* [TASK TO CARRY OUT]: Records follow. Print exactly the lines from the one that has "Modern Girl Statues" through the one that has "Washtub - Laundry", inclusive, and omit the pictures.

* [THE DATA]:
☆ ☆ ☆ ☆ ☆

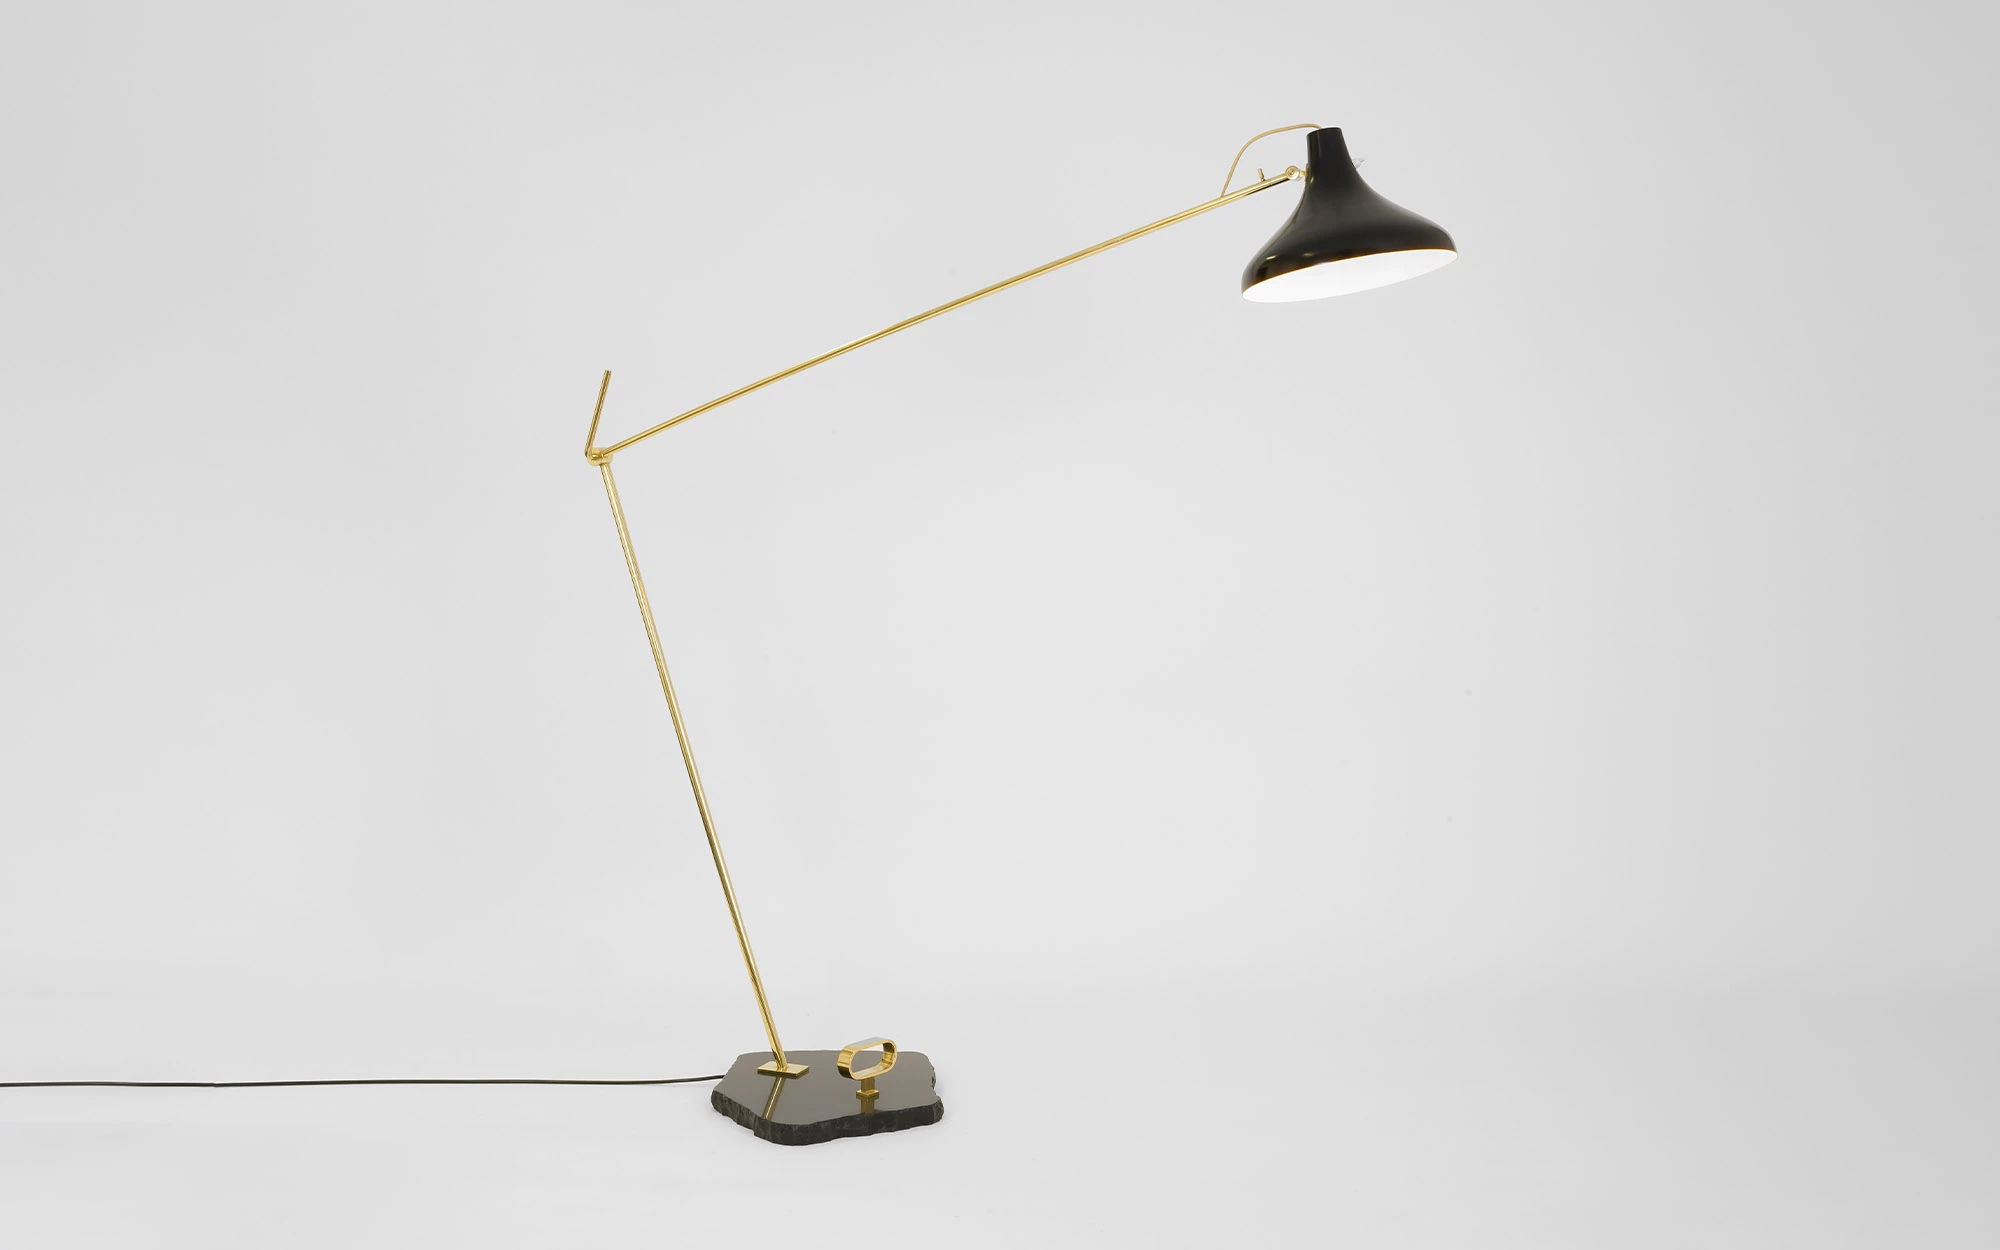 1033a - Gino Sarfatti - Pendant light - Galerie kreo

☆ ☆ ☆ ☆ ☆

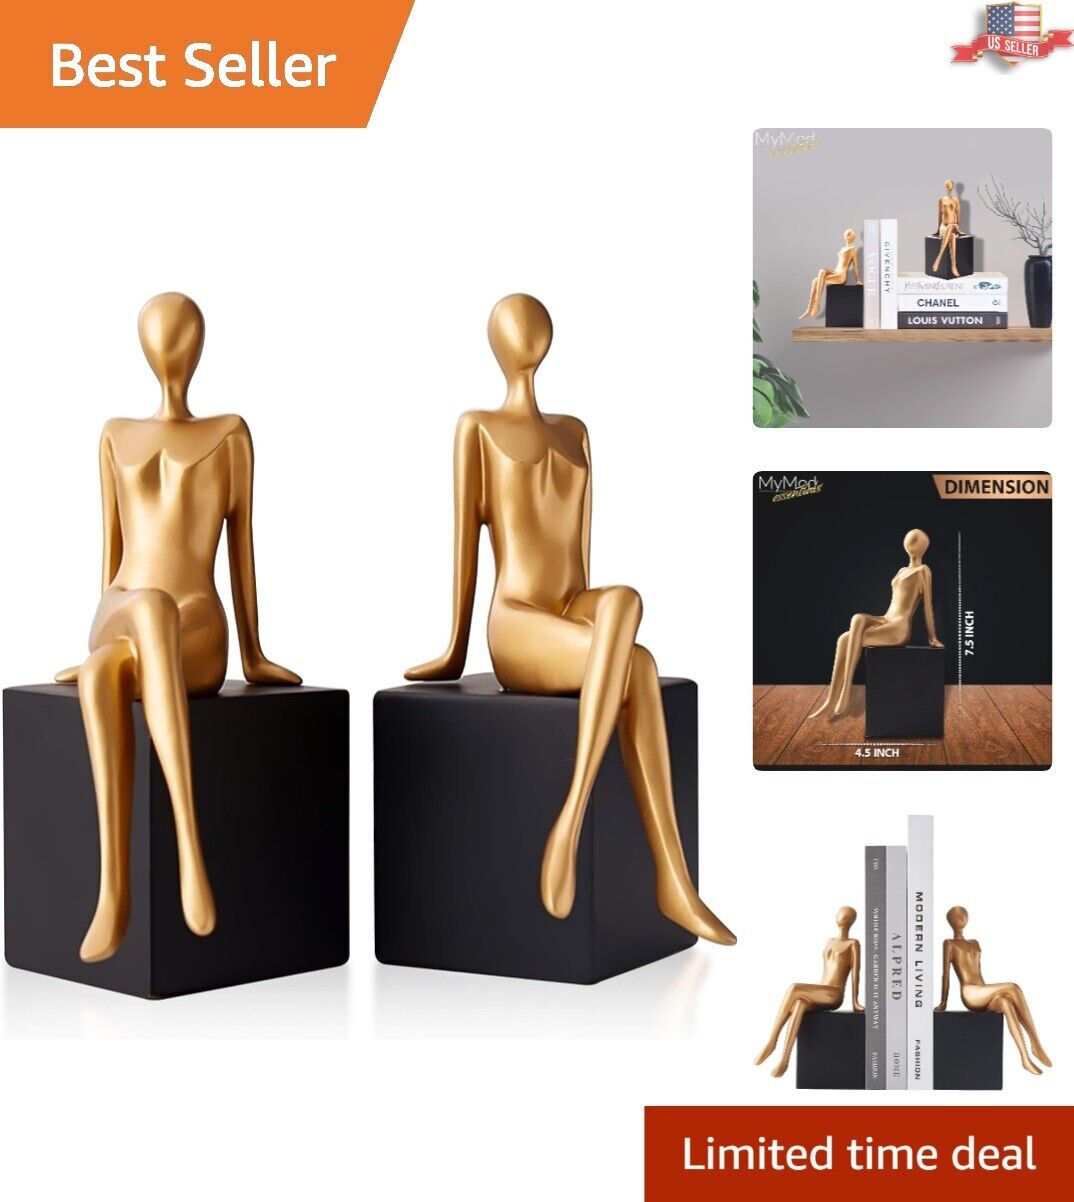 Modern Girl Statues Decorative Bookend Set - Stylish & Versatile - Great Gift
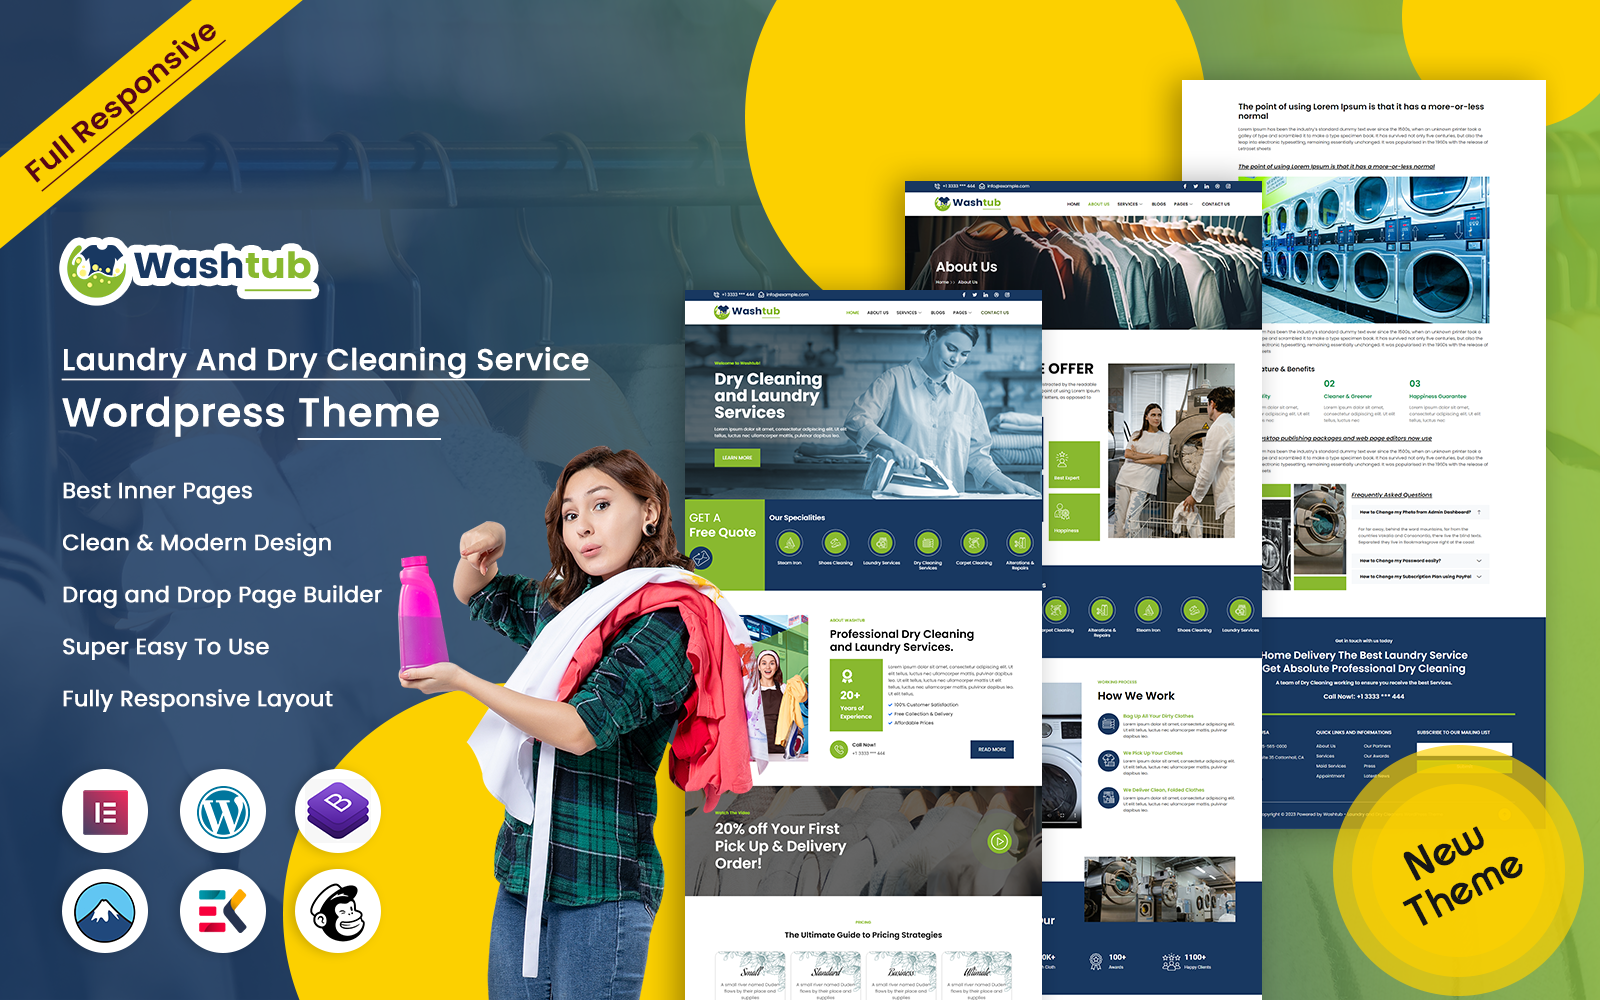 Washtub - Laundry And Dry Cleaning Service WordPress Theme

☆ ☆ ☆ ☆ ☆

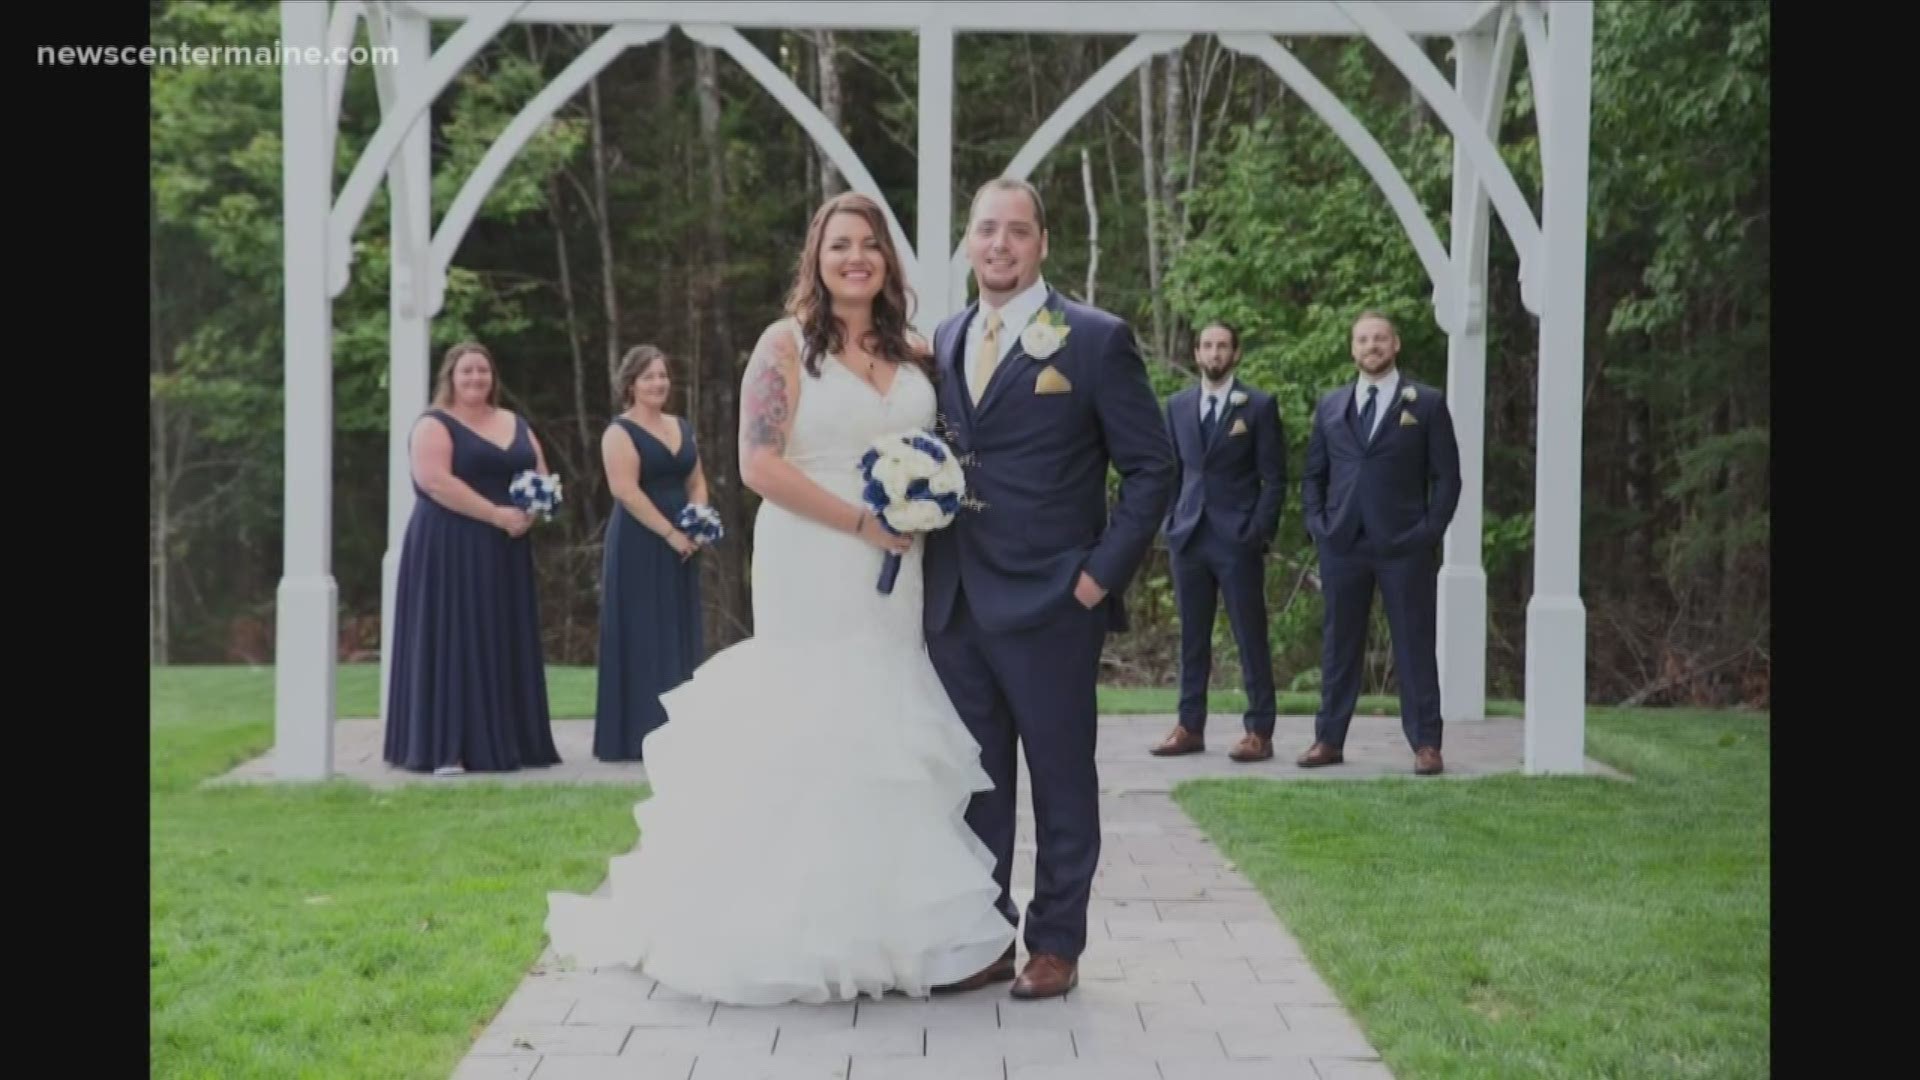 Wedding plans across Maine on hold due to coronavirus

☆ ☆ ☆ ☆ ☆

* [RESULT OF THIS EXERCISE]:
 Modern Girl Statues Decorative Bookend Set - Stylish & Versatile - Great Gift
 Washtub - Laundry And Dry Cleaning Service WordPress Theme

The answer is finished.